Egipto: De las minifaldas al hiyab obligatorio

Egipto: De las minifaldas al hiyab obligatorio

¿Cómo se volvió Egipto un país tan conservador en solo 70 años?

 

la islamización progresiva de la sociedad egipcia desde los años setenta, no fue un cambio impuesto de un día para otro, fue un proceso lento, que se extendió durante décadas.

Si alguien pudiera viajar al El Cairo de 1950 y después regresar al Egipto de hoy, probablemente pensaría que ha visitado dos países completamente distintos.

No hablamos de los edificios, las carreteras o la tecnología, hablamos de la forma de vestir, de pensar, de relacionarse entre hombres y mujeres y del papel que ocupa la religión en la vida cotidiana.

Si viajas hoy a El Cairo, lo que te encuentras es una metrópolis caótica, fascinante, pero sobre todo, profundamente conservadora. El velo (hiyab) es casi omnipresente, los códigos de vestimenta son estrictos, y la religión marca cada minuto del día y cada interacción social.

¿Qué pasó en el camino? ¿Cómo se transformó un país que era el faro de la modernidad árabe en un bastión del conservadurismo islámico?

Vamos a contarlo de forma sencilla, paso a paso y sin rodeos…

 

1. Los años 50 y 60: El Egipto cosmopolita, laico y «en minifalda»

Tras la revolución de 1952, liderada por el carismático presidente Gamal Abdel Nasser, Egipto se convirtió en una república que miraba al futuro con ojos laicos y socialistas.

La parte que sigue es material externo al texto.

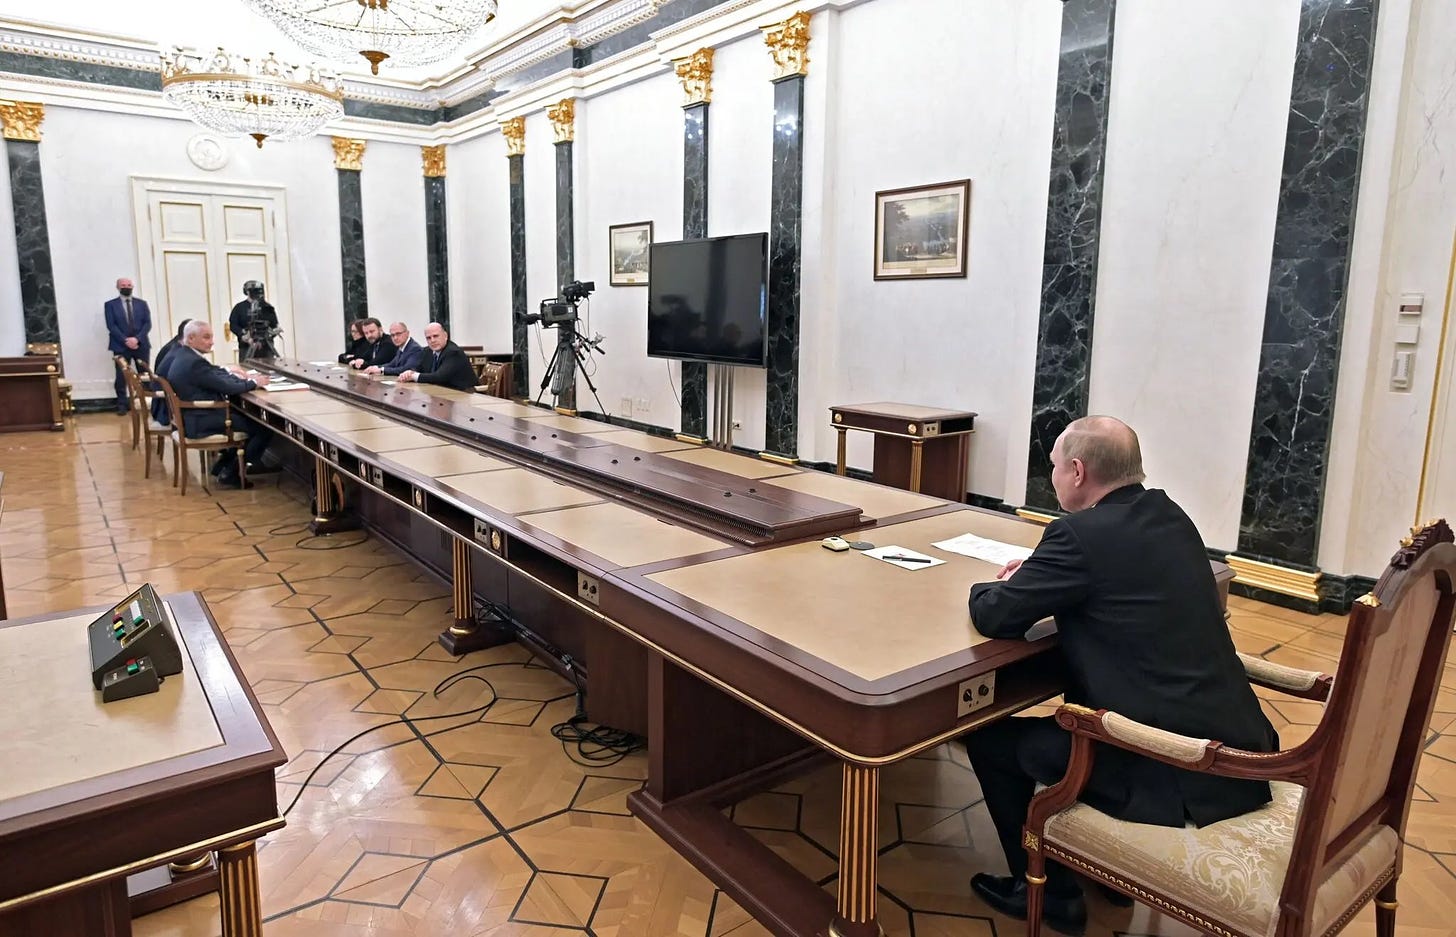 Putin's inordinately long meeting tables mocked | Boing Boing

La anécdota del velo: Hay un vídeo famosísimo en internet de Nasser en los años 50 dando un discurso. En él, cuenta entre risas que el líder de los Hermanos Musulmanes (el grupo islamista de la época) le había pedido que hiciera obligatorio el uso del velo para las mujeres en la calle. El público estalla a carcajadas. Nasser responde: «Le dije: ‘Tú tienes una hija en la facultad de medicina y no lleva velo, ¿por qué no empiezas por aplicártelo a ti mismo?'». Esa risa colectiva demuestra cómo se veía el conservadurismo entonces: como algo anticuado y marginal.

Moda y cultura sin complejos: En las universidades de El Cairo o Alejandría, las estudiantes vestían minifaldas, vestidos de cóctel y peinados a la moda parisina. El cine egipcio de la época dorada —el Hollywood del mundo árabe— mostraba actrices glamurosas, besos en pantalla, romance y debates modernos. La religión era algo privado; nadie te juzgaba en la calle por cómo ibas vestido o por lo que hacías en tu tiempo libre.

Las playas estaban llenas de bañadores similares a los que podían verse en Europa, no era una sociedad perfecta, existían desigualdades, pobreza y autoritarismo político, pero, desde el punto de vista de las costumbres, el ambiente urbano era mucho más abierto.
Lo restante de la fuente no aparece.